Они пошли дальше и снова начали говорить о фильме, но почему-то прежнего веселья уже не получалось, разговор быстро увял.

Отчего они не остановились, как обычно, хоть на минутку поговорить, как останавливаются всегда, когда встречают на улице знакомых? И почему так странно взглянула на отца эта женщина — словно узнала его, но нарочно сделала вид, что они незнакомы? А может быть, все только показалось ей, может быть, виновато ее воображение?

Но все-таки эта встреча осталась надолго у Тани в памяти. И теперь всё вместе — и встреча эта, и давнишний подслушанный разговор, и упорное нежелание Генки заходить к ним — все вырастало в одну тайну, о которой она не решалась говорить со взрослыми…

— Видишь ли, Таня. — Мамин голос продолжает звучать ровно и спокойно, как голос учительницы Анны Леопольдовны, когда она объясняет трудный урок. — Ты уже взрослая девочка и должна понимать, что, если девочка все время ходит в дом к мальчику, это уже становится, ну, как бы тебе сказать, ну, не совсем удобно, что ли… Я, конечно, не хочу сказать, что думаю что-нибудь плохое, нет, избави боже… Но ведь никому неизвестно, что думает мать Гены Федосеева, его сестра…

Неожиданно мама пристально посмотрела на Таню, и Таня сразу почувствовала, что краснеет.

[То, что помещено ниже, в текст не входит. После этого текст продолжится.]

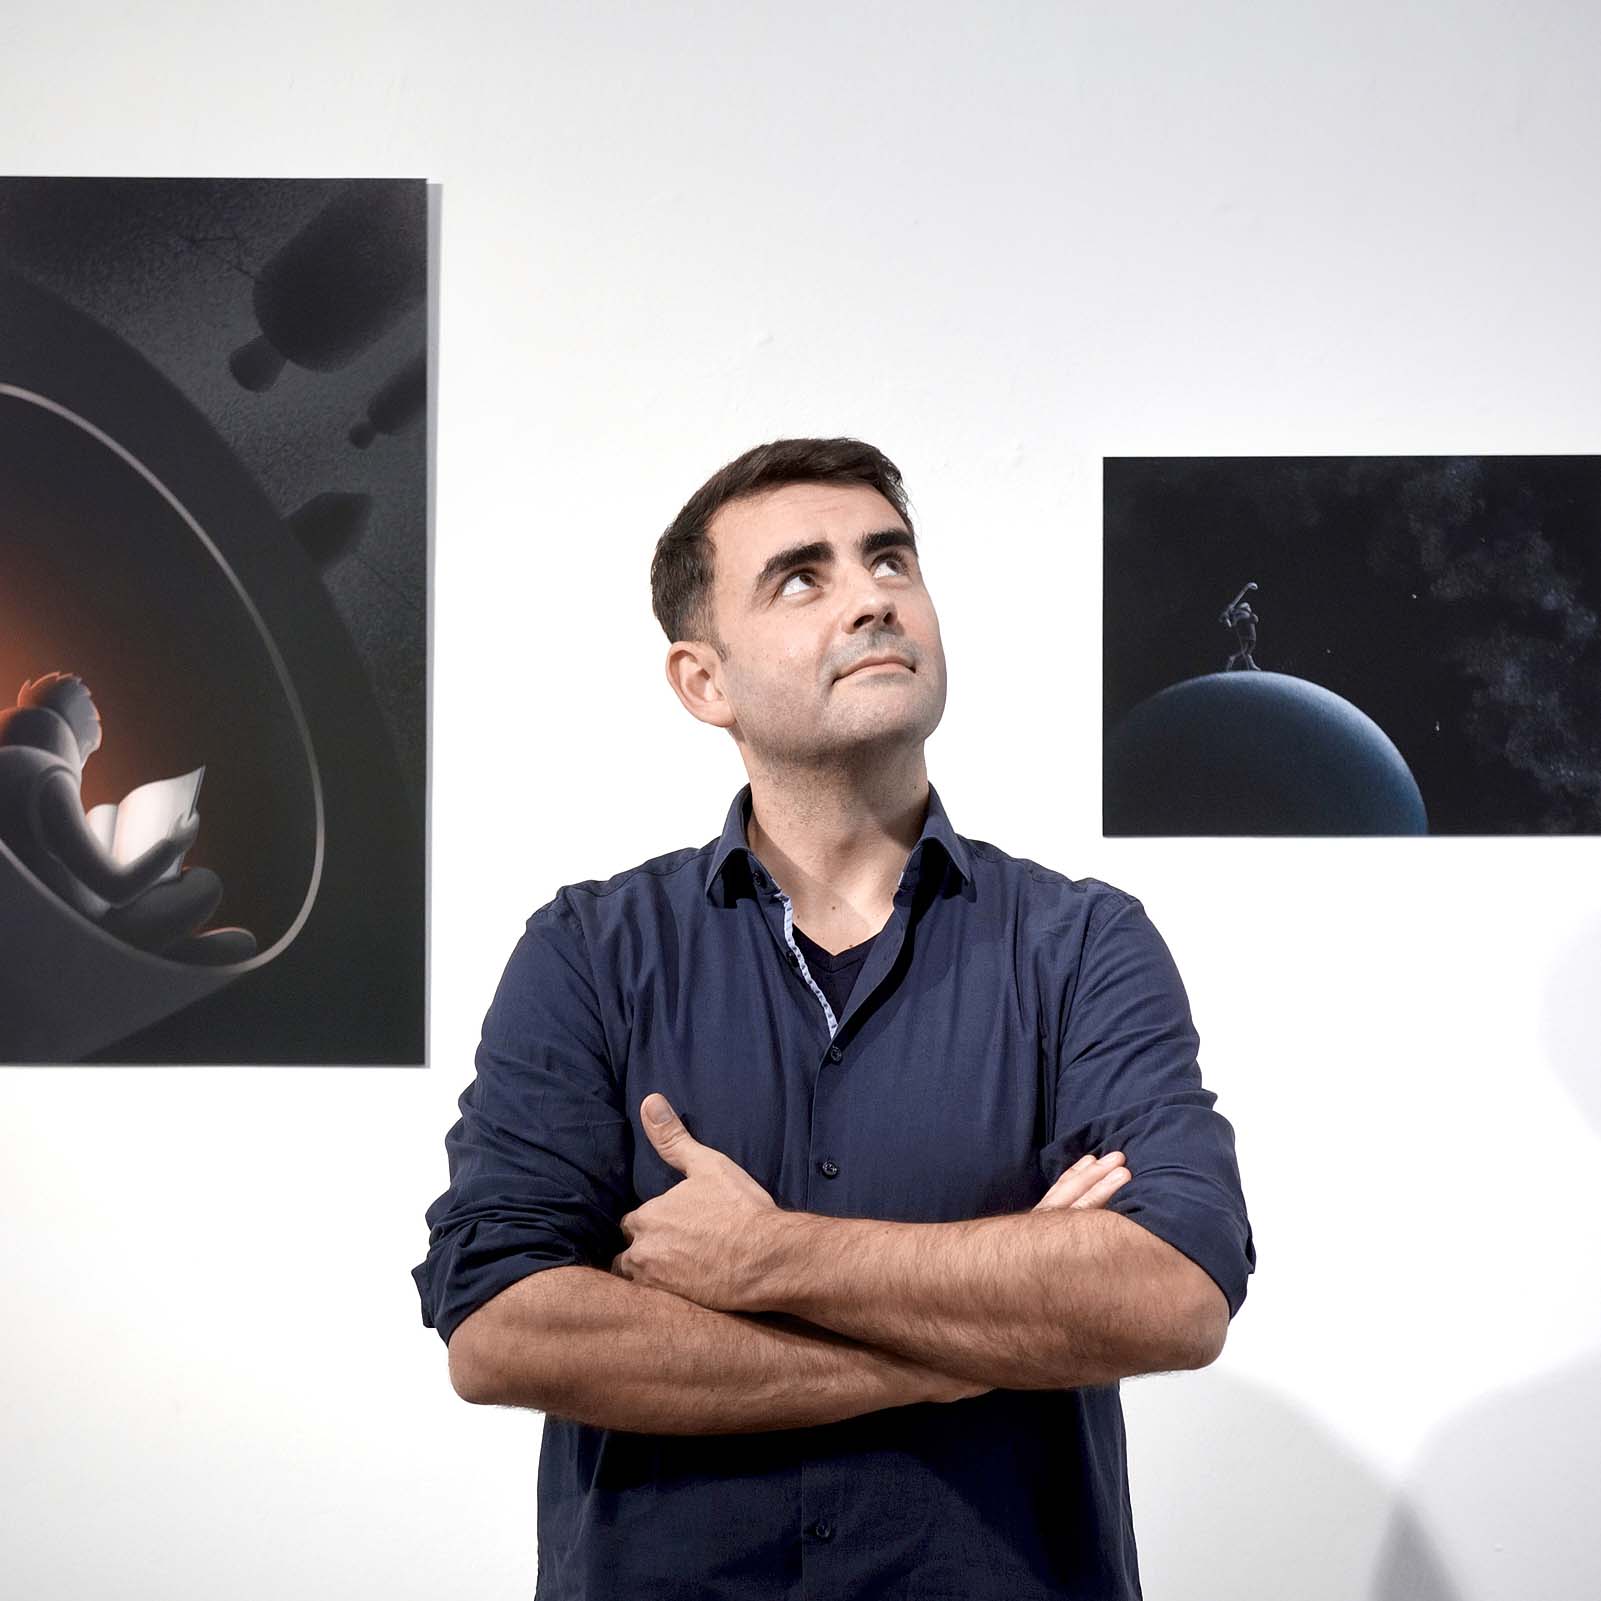 Marin Goleminov in front of paintings by him during the vernissage of his exhibition Space, Ink. Photo by Clemens Fabry

Она вдруг вспомнила, как вчера на большой перемене шушукались девочки и вдруг моментально замолчали, как только увидели ее. Раньше такого ни разу не было. И Таня тогда почувствовала себя так неловко, как чувствует себя человек, если он, ничего не подозревая, входит в комнату, где полно людей, и вдруг оказывается, что у него вымазано лицо, или порвана одежда, или оторвана какая-нибудь пуговица…

Она повернулась и сразу вышла из класса.

Ну, девочки — это понятно… Но мама, ее мама!

— Ты не обижайся, Таня, но я просто хочу, чтобы ты об этом задумалась… Я ведь могу говорить с тобой, как со взрослой, правда?

И она обнимает одной рукой Таню за плечи и прижимает к себе, и Тане начинает казаться, что ее мама такая откровенная и такая умная, и такая простая, и неизвестно куда сразу же исчезают все слова, которые она только что собиралась сказать матери. Отчего-то вдруг становится и радостно и стыдно, и хочется, чтобы продолжался этот разговор, и в то же время страшновато, потому что Таня не знает, и никто не знает, к чему он приведет…

Глава 9

Третья дорога - i_021.png

Третья дорога - i_022.png

Передавали последние известия.

Уже несколько дней по радио ничего не говорили о Патрике Мизонго, и ребята как-то успокоились: они были уверены — раз молчат, значит, все в порядке, значит, все-таки испугались и не решаются казнить этого человека…

Таня читала книжку «Великое противостояние» — очень интересную книжку об одной девочке, которая снималась в кино, а потом хотела стать киноактрисой, — и краем уха слушала радио.

Голоса дикторов, как всегда, сменялись: то говорил мужчина, то женщина. И Тане казалось, будто идут по дороге два человека и обгоняют друг друга — сначала один вырвется вперед, потом другой, потом снова первый — и так все время…

Мама возилась возле шкафа, перебирала, укладывала выстиранное белье, папа помаленьку отпивал из стакана остывший чай и просматривал газету. Обычно он всегда возвращался с работы в одно и то же время — даже удивительно — точно, минута в минуту, хоть часы проверяй. «Точность — это вежливость королей», — часто повторял папа. И хотя Таня не совсем понимала, при чем здесь короли, ей нравилась эта звучная фраза. Лишь по пятницам он задерживался, потому что по пятницам у них на работе заседал цехком, а он был членом цехкома. И сегодня как раз была пятница, и потому он пришел позже и только-только поужинал.

— Риточка, — сказал он, выглядывая из-за газеты, — мне предложили два билета на пятницу в Театр комедии. Говорят, очень хороший спектакль, билеты достать невероятно трудно. Пойдем?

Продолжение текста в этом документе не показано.